В качестве носителя стволовых клеток можно использовать и нервные проводники, содержащие стимулирующие регенерацию факторы. В частности, новые каркасы, такие как гидрогели, которые имеют трехмерную пористую структуру и хорошую цитосовместимость, и могут быть использованы для обеспечения структурной поддержки клеточной адгезии, пролиферации и роста. Каркасы могут быть разработаны для встраивания биологически активных веществ, таких как NGF [38]. Применение каркасов, например, из полиэтиленгликоля, Матригеля, гиалуроновой кислоты и др. материалов, обеспечивающих межклеточную коммуникацию и пролиферацию клеток, помогает предотвратить нежелательное рассеивание последних из локализации необходимого воздействия [19]. А.В. Балябин и др., проводя трансплантацию аутологичных нейральных стволовых клеток обонятельного эпителия мышей в гидрогеле на основе гиалуроновой кислоты, добились восстановлению рефлекторной активности, а также когнитивных способностей животных с искусственно нанесенной открытой черепно-мозговой травмой [48]. Положительный эффект применения аутогенных обкладочных клеток обонятельного эпителия в препарате «Сферогель» позволяет рекомендовать его для использования в клинике [10].

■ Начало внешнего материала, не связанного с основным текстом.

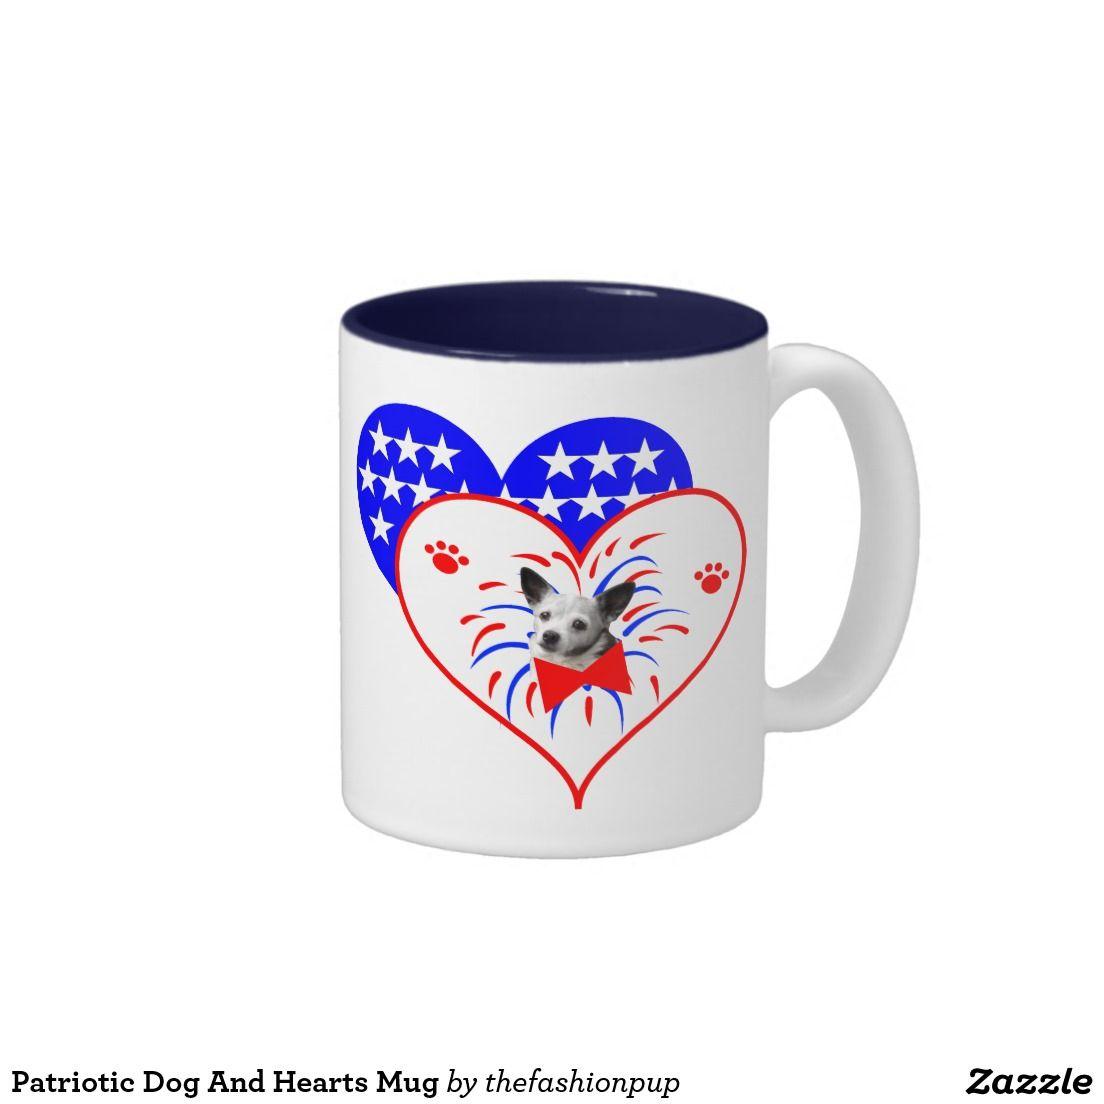 Patriotic Dog And Hearts Mug

Доказано, что мультипотентные мезенхимальные стволовые клетки в альгинатных микрокапсулах теряют свою способность к пролиферации, так же как и ММСК, культивированные в широкопористых альгинатных губках, что А.Ю. Петренко и др. связывают с недостаточными адгезивными свойствами альгината. Присоединение наночастиц желатина к поверхности пор губок способствует увеличению адгезивных свойств носителя (губки) [49].
Заключение
Таким образом, поиск наиболее эффективного и безопасного варианта направленной стимуляции регенерации нервной ткани является перспективной, но тем не менее сложнейшей задачей современной нейротрансплантологии. Несмотря на существование большого количества работ по положительному влиянию трансплантации стволовых клеток для стимуляции регенерации нервной ткани, механизмы их влияния на процессы репарации в настоящее время до конца не установлены. То же самое касается и побочных эффектов применения клеточной терапии. Важным условием успеха является разработка протоколов направленной дифференцировки клеток. В данный момент именно получение клеток с высоким потенциалом к пролиферации и дифференцировке в нервные клетки конкретного фенотипа является наиболее важной целью, достижение которой позволит производить необходимое для проведения клеточной терапии количество специализированных нервных клеток.